Public safety leaders pressed for targeted additions: Chief Beam explained pressures on dispatch and ambulance coverage and said the county’s 9‑1‑1 fund — a recurring fee derived from cell‑phone collections — currently pays for two dispatch positions and could be used to fund a third or to cover a CAD system. “Call volume continues to go up 6% last year,” Chief Beam said, arguing additional recurrent non‑general‑fund resources could be employed.

After debate over which new positions were essential and which CIP projects to fund, the board prioritized a short list of hires for further consideration: a finance position, a tourism specialist role (a reclassification/reassignment rather than an additional full‑time net new hire in the board’s framing), one dispatcher (to be paid from E‑911 funds) and one firefighter.

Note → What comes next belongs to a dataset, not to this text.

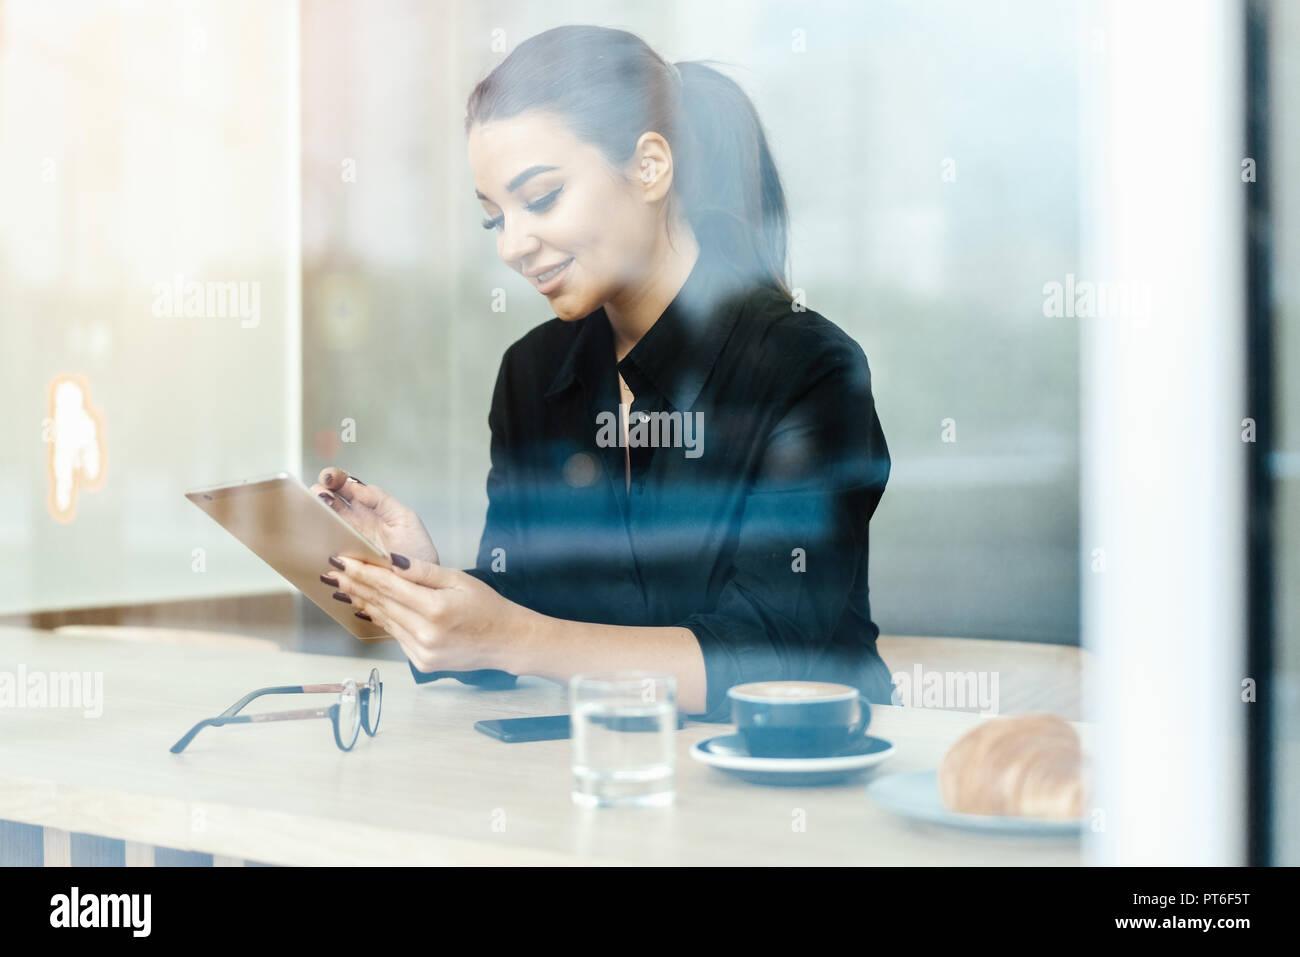 In der Nähe der Jugendlichen schöne Brünette Frau im Cafe holding Tablet und lächelnd. Stockbild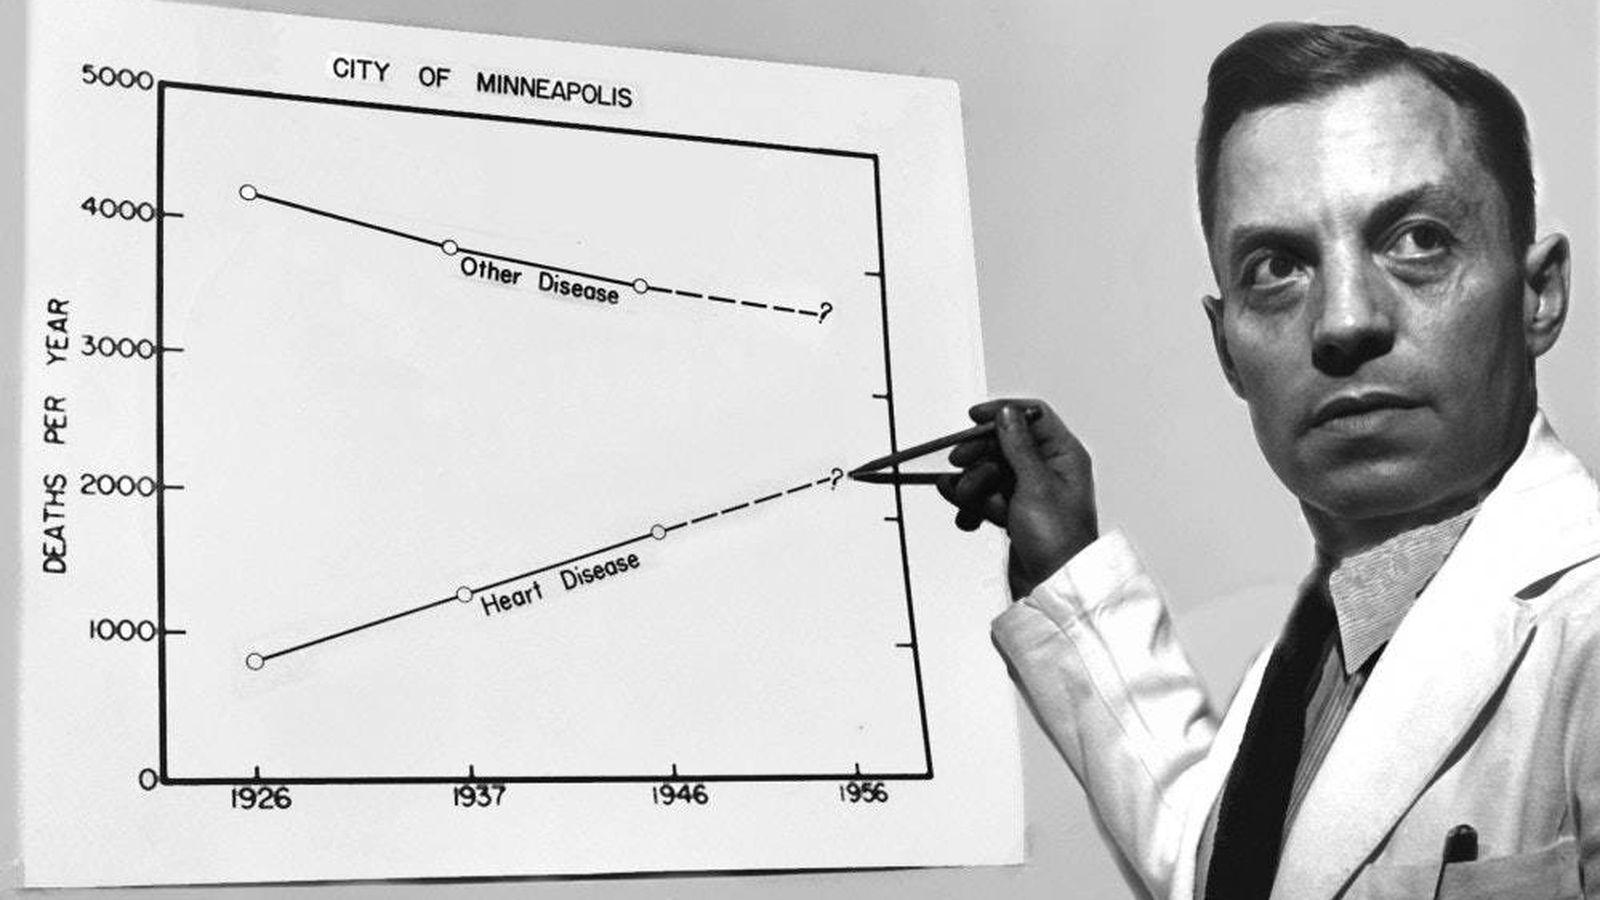 Foto: Ancel Keys junto a su célebre gráfico de enfermedades coronarias.

Board members also asked staff to use $1.5 million as a working “cut line” for CIP funding as they refine the budget.

County attorney Mister Popovich advised the board about advertising requirements: the body must publish the tax rate it intends to advertise and may reduce that advertised rate later but cannot increase it above the published figure without re‑advertising and holding another public hearing. “You’re gonna have to set out a public notice indicating what the tax rate is going to be,” he said, noting that the advertised number should cover the amount the board believes it will ultimately need.

With that constraint in mind and without full O&M totals stripped of all new positions, the board voted to advertise at 61¢ to preserve room to fund services and return with adjusted figures. Supervisor Tucker made the motion to advertise the rate, noting the board did not expect that figure to be the final rate: “I would like to say the 61%, quite frankly, so then we can back down off of it.” The motion passed 4–1.

Next steps: staff will recalculate operating and maintenance totals without the 33 position requests (the board asked to plan for 29 fewer new positions in preliminary work) and will return refined numbers, including a clarified schools request, to the board. The tax‑rate advertisement will be published per the legal timeline so the public hearing process can proceed; the board may reduce the rate later but cannot raise it above the advertised 61¢ without another advertising cycle.